Whatsminer Error 600 – Environment Temperature Too High

BTMiner firmware raises Error 600 when the dedicated environment (intake ambient) thermistor crosses the warning ceiling - typically 35 C on M30S-family and 40 C on M50/M60/M66-class builds. The miner is still hashing but is one step away from the chip-level Temperature Too High trip or an Error 610 auto-downclock.

Warning — Should be addressed soon

Affected Models: All Whatsminer models running BTMiner firmware with the Error 600 fault map: M20S, M21S, M30S, M30S+, M30S++, M31S, M31S+, M32, M33, M50, M50S, M50S+, M50S++, M53, M53S, M56, M56S, M60, M60S, M60S+, M63, M63S, M66, M66S. Both air and hydro chassis are covered; hydro and M60/M66-class run tighter intake envelopes (typically 30 C ceiling vs 35 C on older air models).

Symptoms

  • WhatsMinerTool or dashboard displays Error Code 600 with a variant message (env temp too high / environment temperature too high / intake temperature high / ambient out of range)
  • btminer.log or kern.log contains env_temp, ambient, or code 600 entries with a Celsius reading
  • API get_miner_status returns a fault object with code 600 and a msg string naming the ambient sensor
  • Front-panel status LED flashes orange/yellow (model-dependent) without the solid-red critical pattern
  • Miner is still hashing - at nameplate or already auto-downclocked 5-15% if Error 610 also fired
  • Dashboard PSU internal temp climbs alongside the ambient reading, confirming the intake air is actually warm (not a sensor lie)
  • External IR thermometer at the front grille reads 30 C or higher under load
  • Event recurs at a predictable time of day - late afternoon in summer, or minutes after a dryer/A-C/heater cycle on the same HVAC circuit
  • All fans pegged at or near 100% duty for more than 10 minutes
  • Chip-level PCB temp / Chip temp readings climb in lockstep with ambient, not ahead of it
  • Dashboard intake-ambient reading disagrees with external IR by more than 5 C (indicates sensor drift, not a real ambient problem)

Step-by-Step Fix

1

Hard power-cycle the miner - pull the cord for 60 seconds to let bulk capacitors drain, then reconnect.

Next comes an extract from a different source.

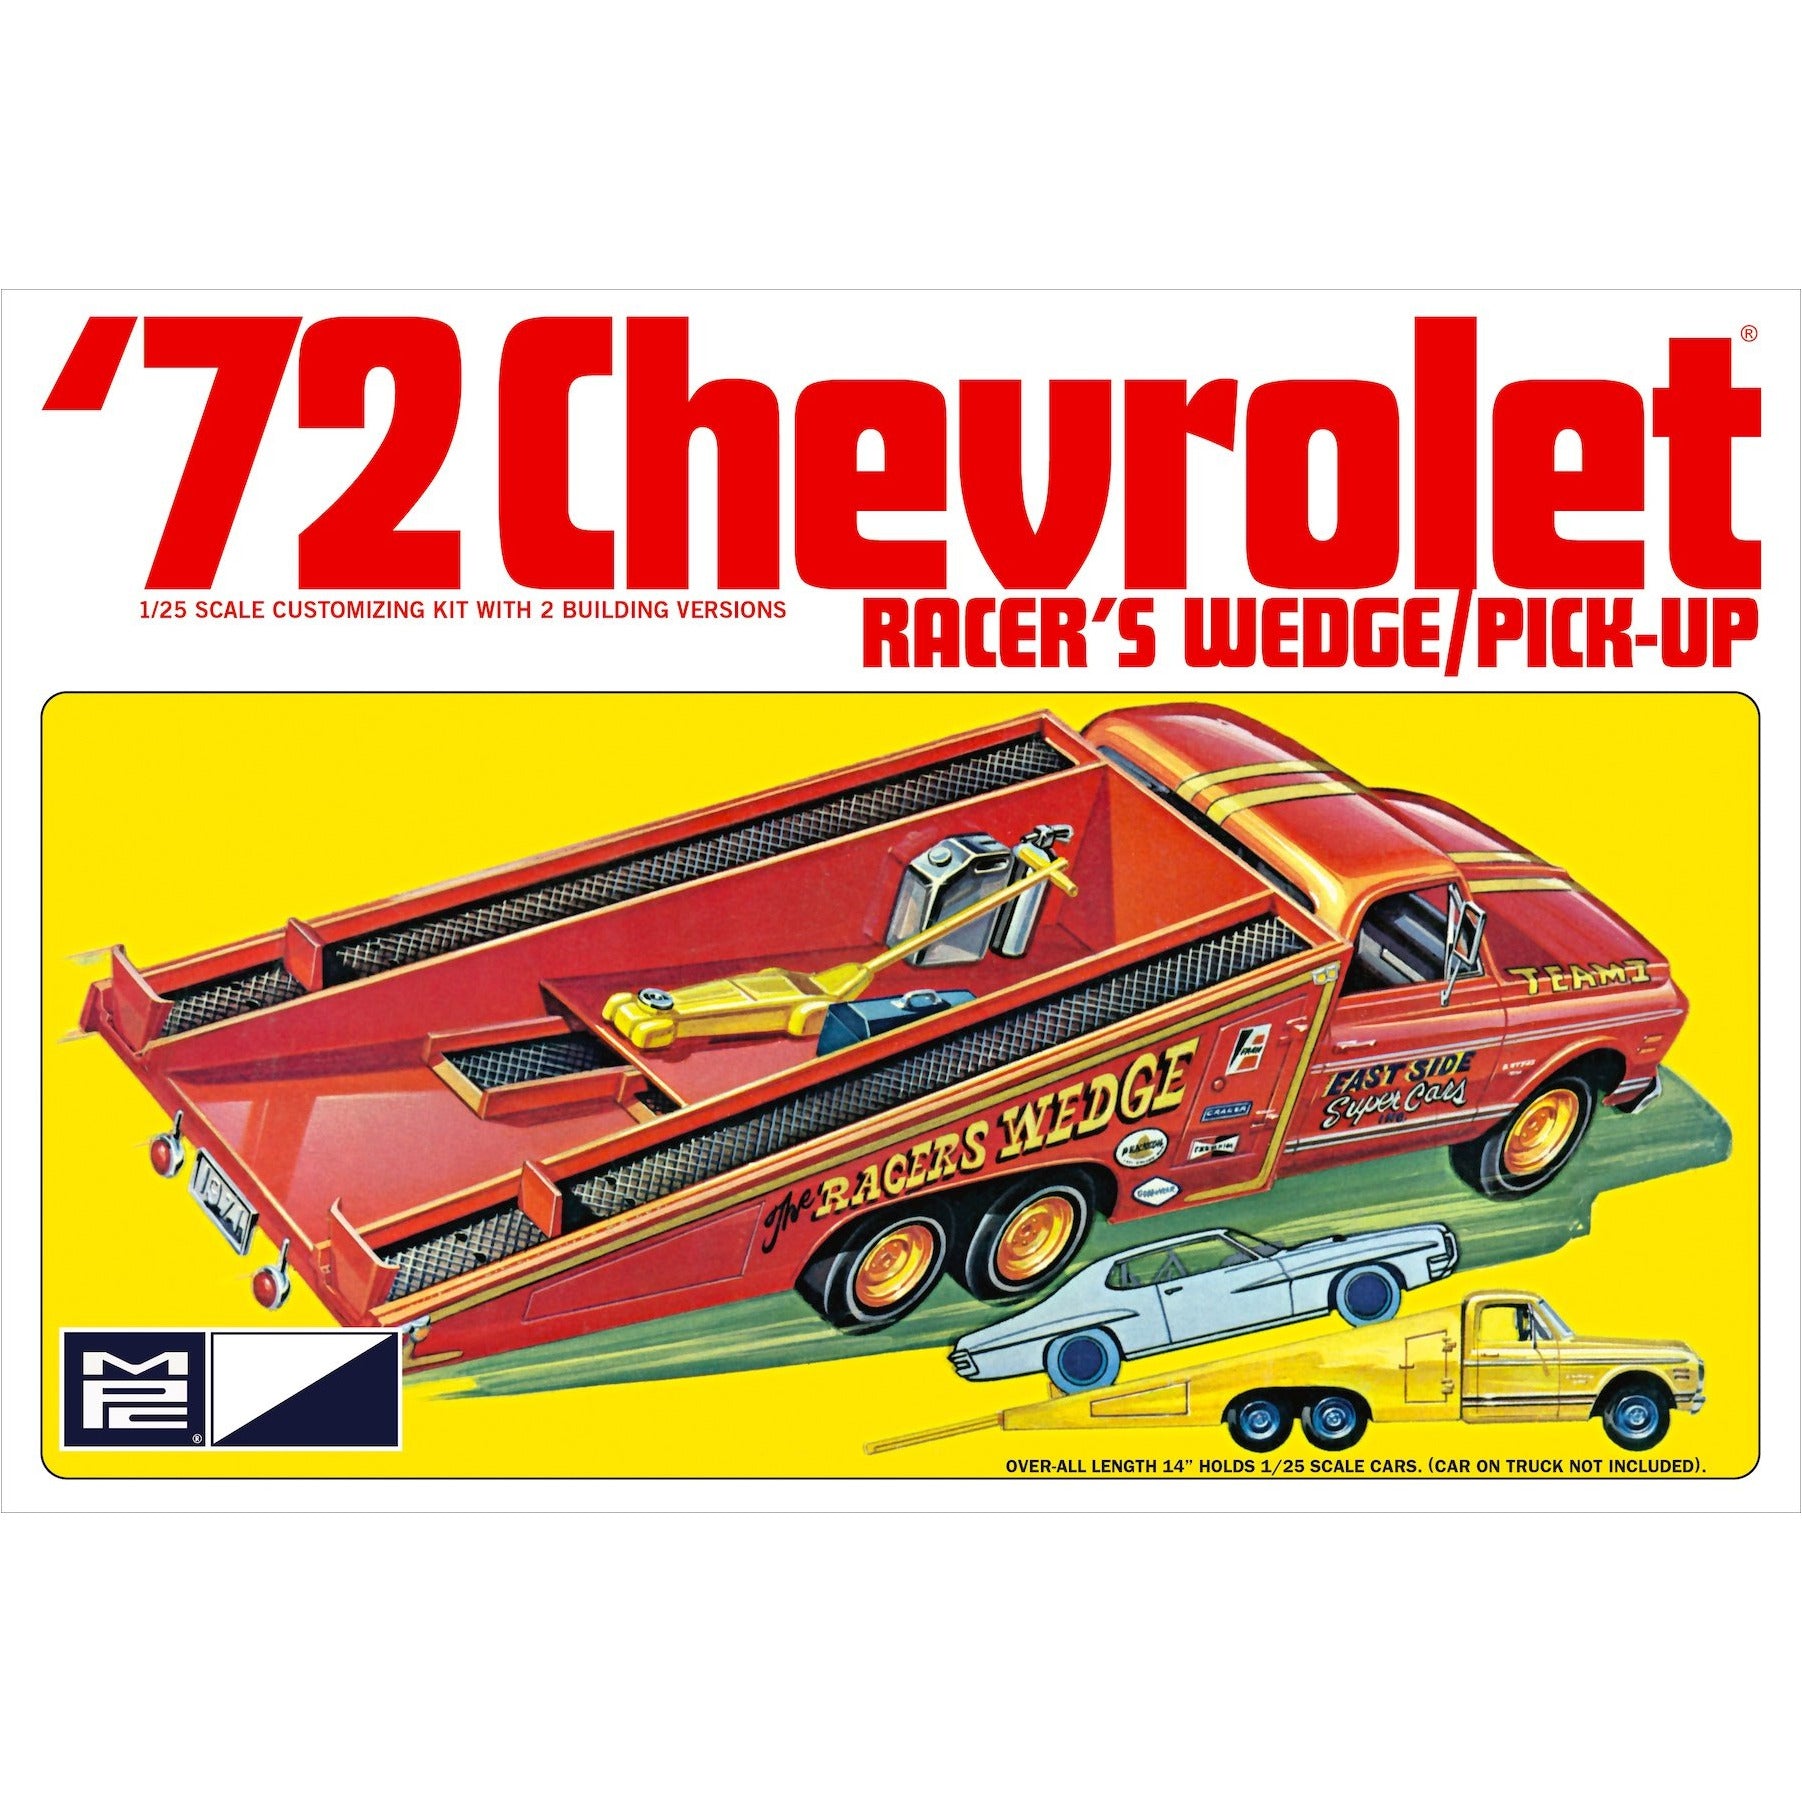 1972 Chevrolet Racer's  1/25 #885 by MPC Wedge/Pick-up

Some BTMiner builds hold Error 600 across a soft reboot, and a full cold boot clears transient ghost faults. If the miner comes up clean and stays clean for an hour, you caught a transient event (intake air spike, HVAC event, brief sun on the chassis). Log the timestamp and monitor for 24 hours before declaring victory.

2

Measure the actual intake ambient with an external IR thermometer. Hold the probe or IR 5 cm from the front grille while the miner is hashing at full load. Compare that reading to the dashboard's intake-ambient display. If the two agree within plus-or-minus 2 C, the thermistor is honest and you have a real ambient problem - go to step 3. If the miner reads more than 5 C higher than your external IR, the sensor or its ADC path is lying and you should skip ahead to Tier 3 thermistor diagnostics.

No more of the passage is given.